La superficie de nuestro planeta lucía rota, las grietas de la corteza eran conocidas. Milton Hartz, jefe de la Unidad de terremotos de San Francisco dependiente del Observatorio Geológico de los Estados Unidos, reveló aquel 12 de agosto del año 2025 en la CNN que nunca se había detectado en la falla de San Andrés temblores inminentes a semejante distancia de la superficie de la Tierra. Dicha falla ostentaba anteriormente quince kilómetros de profundidad, veinte millones de años de antigüedad. Hartz recordó los sismos más mortíferos de la historia, añadió que la supervivencia del territorio norteamericano se hallaba amenazada, pues múltiples fracturas de las capas geológicas, con desplazamientos verticales, horizontales, oblicuos, se iban abriendo paso desde el Océano Pacífico hasta el Atlántico, desde Alaska hasta Florida anunciando un cataclismo geológico de incalculables proporciones. Podía desaparecer el continente en un tiempo imprevisible. Se recomendaba la evacuación de los trescientos millones de habitantes, incluyendo al 10% de inmigrantes.

Habría que devolver a su país de origen a quienes no ostentasen la nacionalidad norteamericana, luego se intentaría repartir los demás ciudadanos en diversos países del mundo.

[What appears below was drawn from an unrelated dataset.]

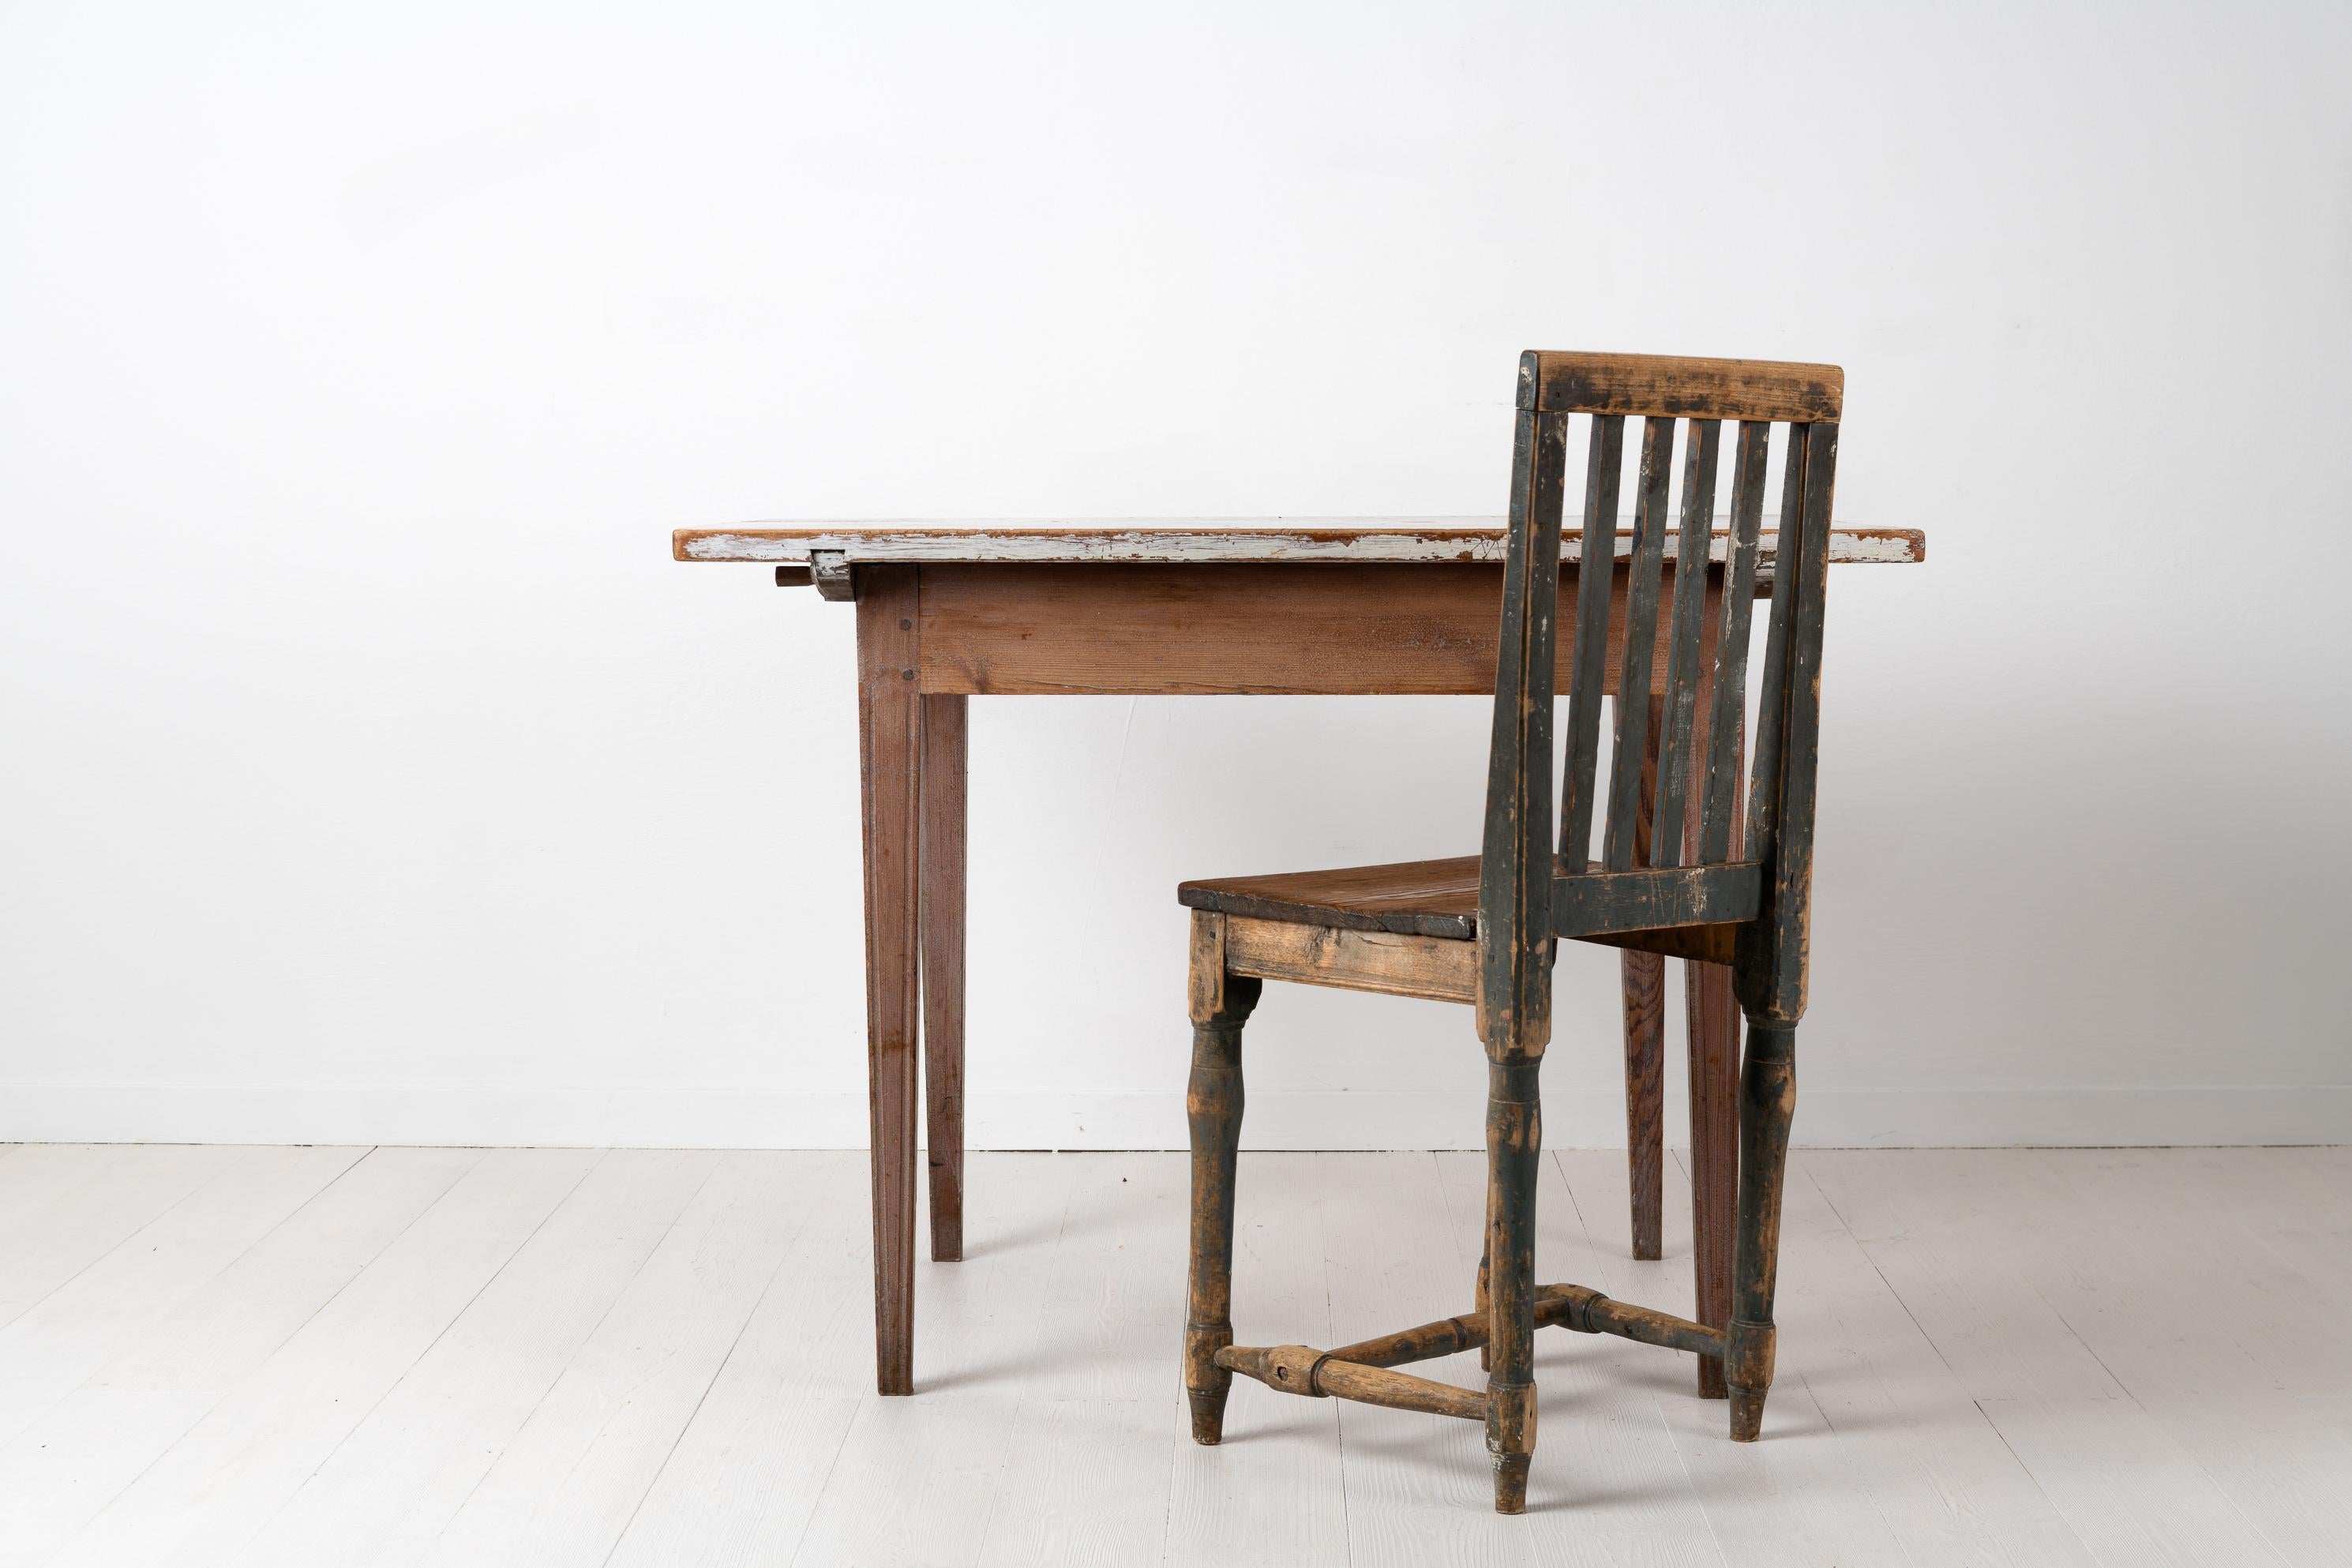 Gustavianischer Tisch aus Nordschweden in unangetastetem Originalzustand. Der Tisch stammt aus der Zeit um 1780-1790 mit dünnen Farbspuren am Gestell und einer weiß lackierten Tischplatte. Gerade, konische Beine mit Kannelierung. Der Tisch ist in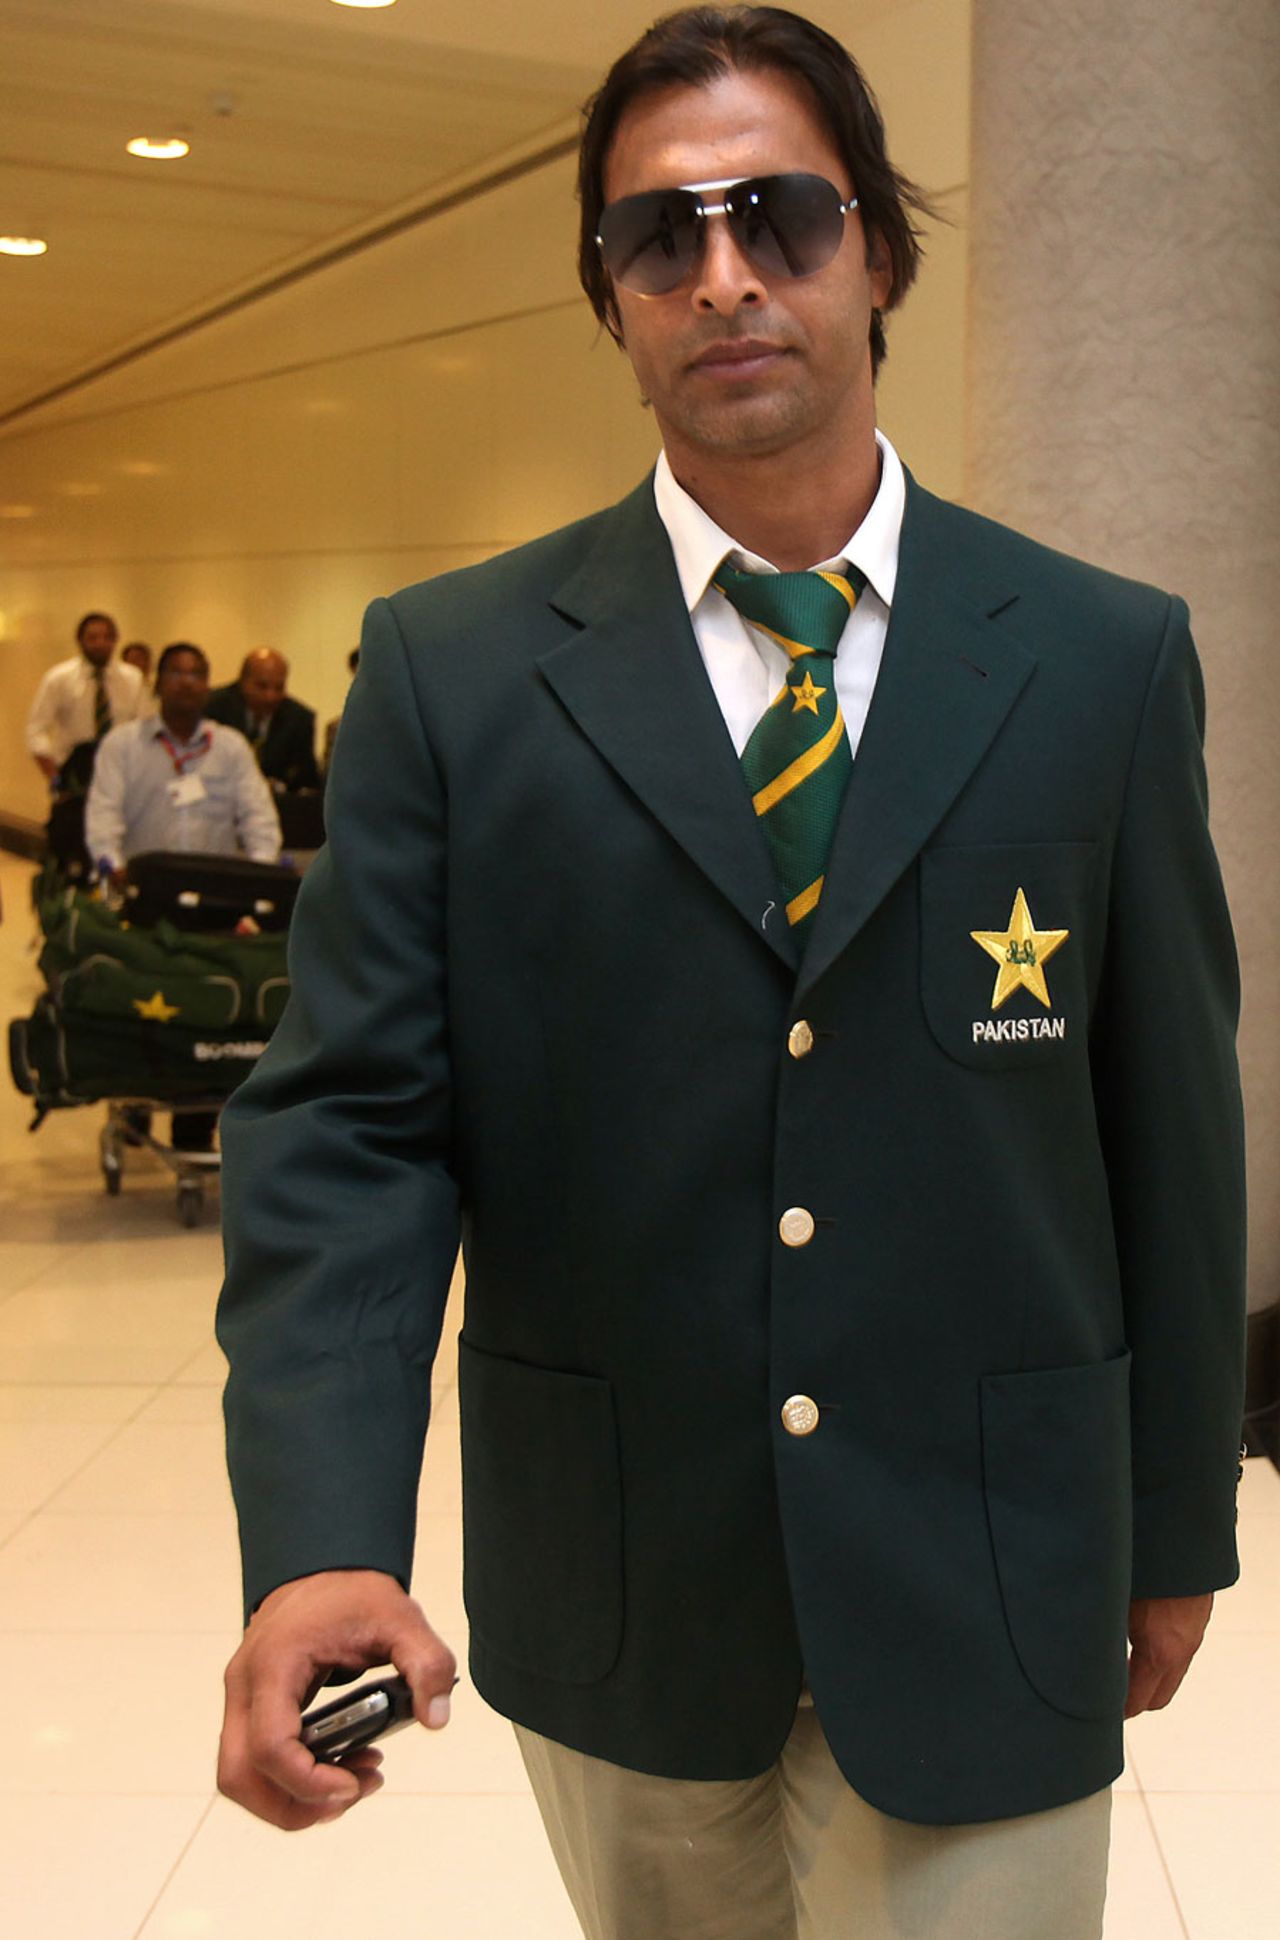 Shoaib Akhtar at Abu Dhabi airport, October 23, 2010

La noticia, difundida por la prensa internacional, provocó histeria. Europa, Asia, Australia, las más remotas islas de Oceanía, estuvieron en la lista prioritaria. África, de limitadas perspectivas, fue descartada. Solo podrían volver allá los negros importados en siglos anteriores para faenas agrícolas, arrestos intempestivos, sesiones de jazz. Malcom X y Martin Luther King, ambos asesinados, volvieron a la primera plana de los diarios. En un mundo religioso que seguía hablando de un Jesús blanco, una Virgen María blanca, ángeles blancos, novias vestidas de blanco, quedó evidente que se daría atención especial a las caras pálidas.

El asunto se tornó peliagudo cuando la mayoría de las naciones exigió visa para sus eventuales inmigrantes. Por razones humanitarias se otorgó un derecho de residencia que no podía exceder los tres años. Rusia se dispuso a construir fortificaciones más largas que la célebre Muralla China. Unos “caza-ilegales” especialmente entrenados vigilaron las fronteras disparando a quienes pretendían cruzar ríos o desiertos. Los documentos personales, pasaportes, credenciales, caducaron en lapso prudencial. Ingresó en el diccionario el doble sentido de la palabra prairie woolf cuya equivalencia castellana podía ser “coyote”, ciudadano dedicado a proponer sus servicios para trasladar a los norteamericanos ilegales a tierras lejanas.

América del Sur, por su cercanía, fue elegida como destino por muchos estadounidenses. Desde Colombia, Venezuela, hasta Patagonia, se oyó hablar el idioma de Shakespeare. La cerveza Budweiser elaborada en México fue un éxito de exportación.
Crecieron por todas partes negocios de apple pie, pancakes, barbecue ribs. Jóvenes desocupados formaron nuevas pandillas.
Cuba otorgó asilo a un número reducido de ciudadanos, dando preferencia a quienes traían repuestos para los escasos vehículos clásicos de la isla: Chevrolet, Ford, Chrysler y Cadillac de los años cincuenta. Los guardacostas de Fidel Castro impedían la llegada de ilegales por vía marítima. El líder revolucionario tenía entonces 98 años. En sus discursos, limitados a un par de horas, insistía en que el porvenir lucía envidiable. Después de todo, la gente seguía creyendo en los políticos: la Tierra no dejó de girar.